RAGIONI DELLA DECISIONE

1. Con il primo motivo di ricorso si denuncia, in riferimento all’art. 360 c.p.c., comma 1, n. 3), violazione e falsa applicazione dell’art. 2051 c.c., sostenendo che il Comune non avrebbe dimostrato l’esistenza del caso fortuito; con il secondo motivo si lamenta, in riferimento all’art. 360 c.p.c., comma 1, n. 5), omesso esame di un fatto decisivo per il giudizio.

1.1. Il primo motivo non è fondato.

La Corte d’appello, con un accertamento di merito non sindacabile in questa sede, ha osservato che l’esistenza della pietra sconnessa sul manto stradale era perfettamente visibile, anche in considerazione dell’ora diurna in cui era avvenuta la caduta; ed ha poi aggiunto che l’attrice era ben a conoscenza di tale situazione e che, in considerazione dei problemi di equilibrio dei quali soffriva a causa di una rigidità delle articolazioni, ella avrebbe dovuto tenere un comportamento idoneo ad evitare la caduta.

Tale motivazione è in piena armonia con la giurisprudenza di questa Corte, la quale ha affermato che l’applicazione delle regole di cui all’art. 2051 c.c., presuppone sempre che il danneggiato dimostri il fatto dannoso ed il nesso di causalità tra la cosa in custodia ed il danno e che, ove la cosa in custodia sia di per sè statica e inerte, il danneggiato è tenuto a dimostrare altresì che lo stato dei luoghi presentava un’obiettiva situazione di pericolosità, tale da rendere molto probabile, se non inevitabile, il danno (sentenza 5 febbraio 2013, n. 2660).
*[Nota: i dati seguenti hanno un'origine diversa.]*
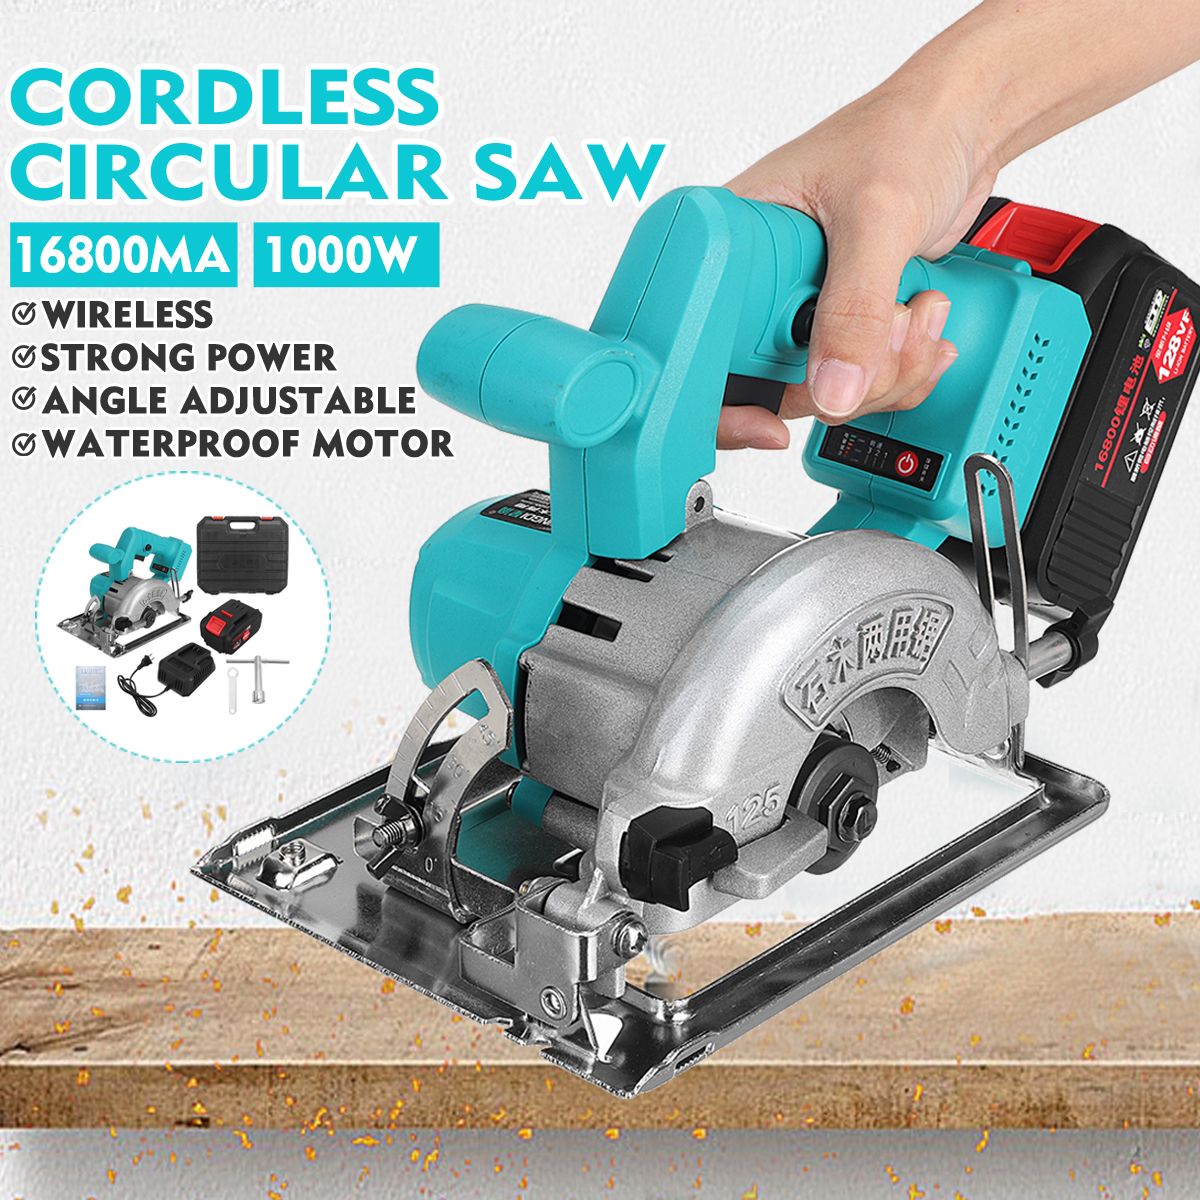 1000W-16800MA-Electric-Circular-Saw-125mm-Blade-Cordless-Circular-Saw-Angle-Adjustable-for-Woodworki-1696587
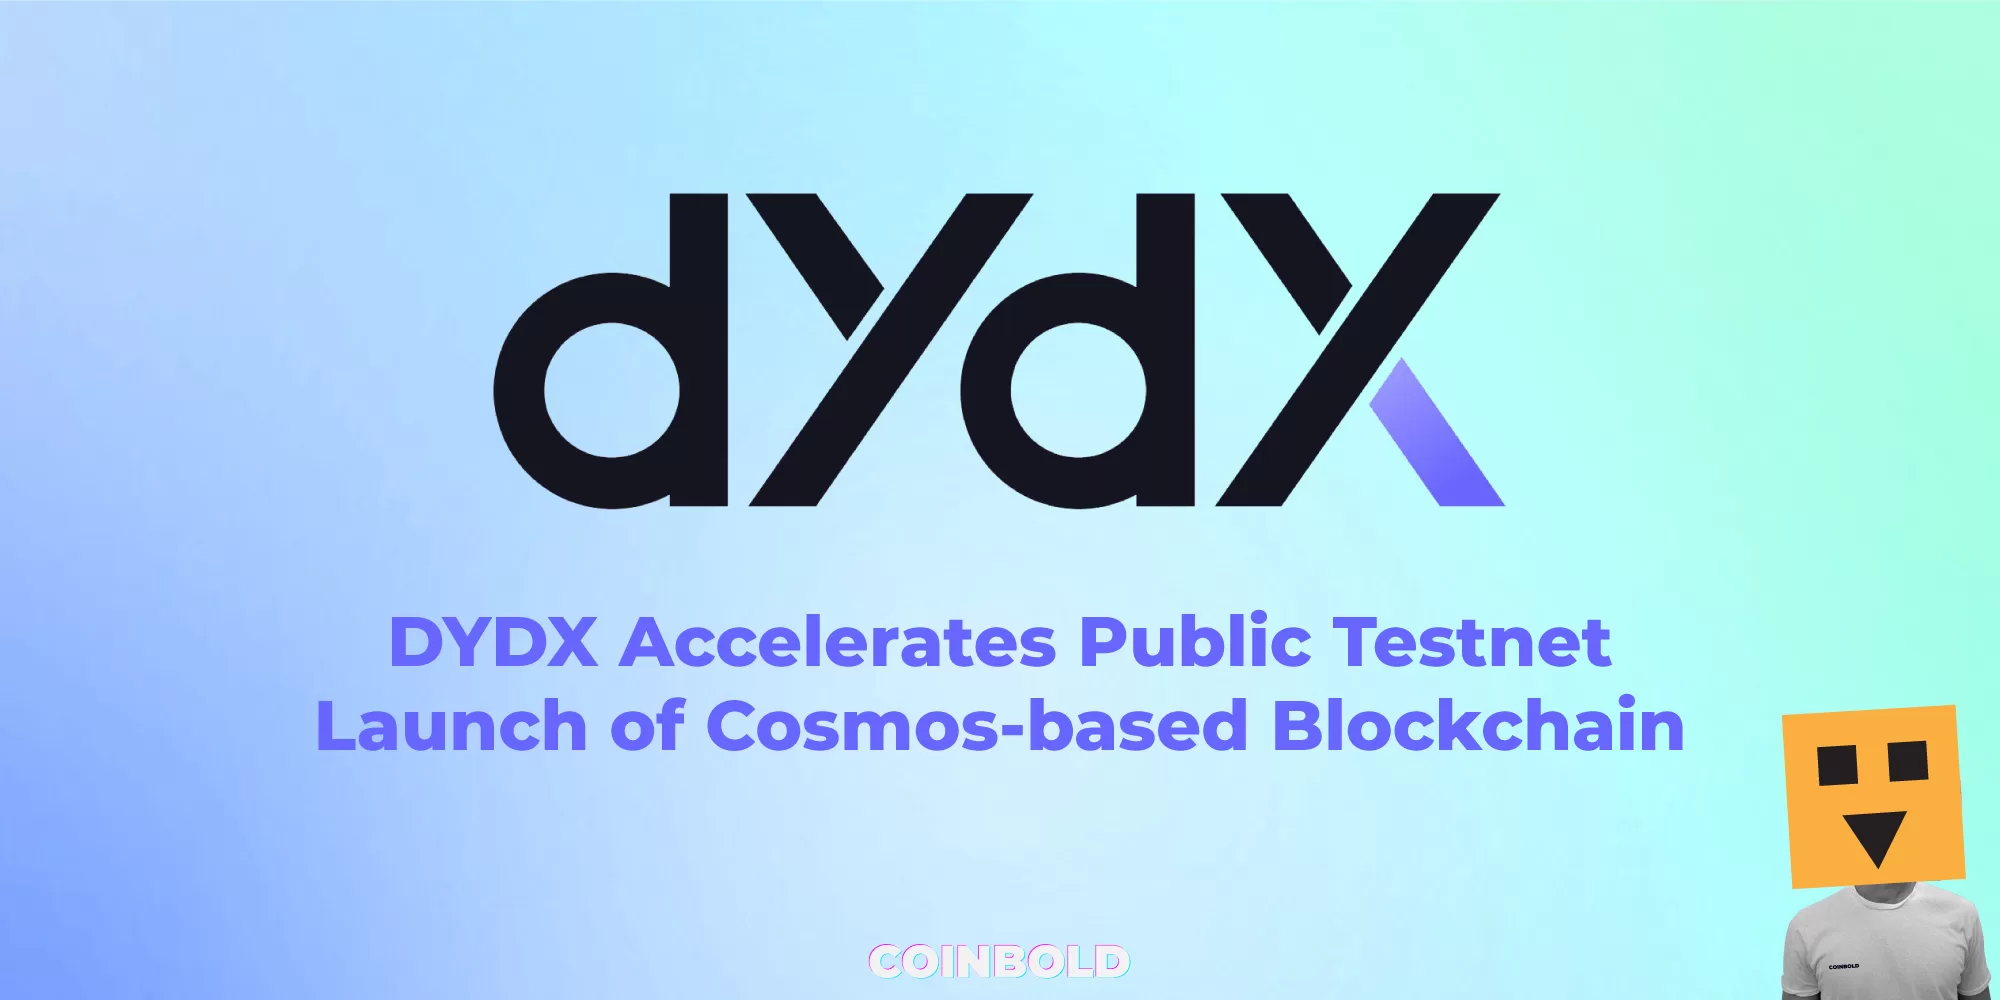 DYDX Accelerates Public Testnet Launch of Cosmos-based Blockchain

E poichè la giurisprudenza di questa Corte ha riconosciuto che, ai fini di cui all’art. 2051 c.c., il caso fortuito può essere integrato anche dal fatto colposo del danneggiato, il motivo è evidentemente privo di fondamento (v. da ultimo le sentenze 18 settembre 2015, n. 18317, e 22 giugno 2016, n. 12895).

1.2. Il secondo motivo è inammissibile alla luce dei criteri di cui alla sentenza 7 aprile 2014, n. 8053, delle Sezioni Unite di questa Corte, poichè ha ad oggetto elementi di prova che la Corte d’appello ha comunque positivamente valutato; e si risolve nell’indebito tentativo di ottenere in questa sede una nuova valutazione del merito.

2. Il ricorso, pertanto, è rigettato.

A tale pronuncia segue la condanna della ricorrente al pagamento delle spese del giudizio di cassazione, liquidate in conformità ai parametri introdotti dal D.M. 10 marzo 2014, n. 55.

Sussistono inoltre le condizioni di cui al D.P.R. 30 maggio 2002, n. 115, art. 13, comma 1 quater, per il versamento, da parte della ricorrente, dell’ulteriore importo a titolo di contributo unificato pari a quello dovuto per il ricorso.

PQM

La Corte rigetta il ricorso e condanna la ricorrente al pagamento delle spese del giudizio di cassazione, liquidate in complessivi Euro 2.500, di cui Euro 200 per spese, oltre spese generali ed accessori di legge.

Ai sensi del D.P.R. 30 maggio 2002, n. 115, art. 13, comma 1 quater, dà atto della sussistenza delle condizioni per il versamento, da parte della ricorrente, dell’ulteriore importo a titolo di contributo unificato pari a quello dovuto per il ricorso.

Così deciso in Roma, nella Camera di Consiglio della Sezione Sesta – 3 Civile, il 2 febbraio 2017.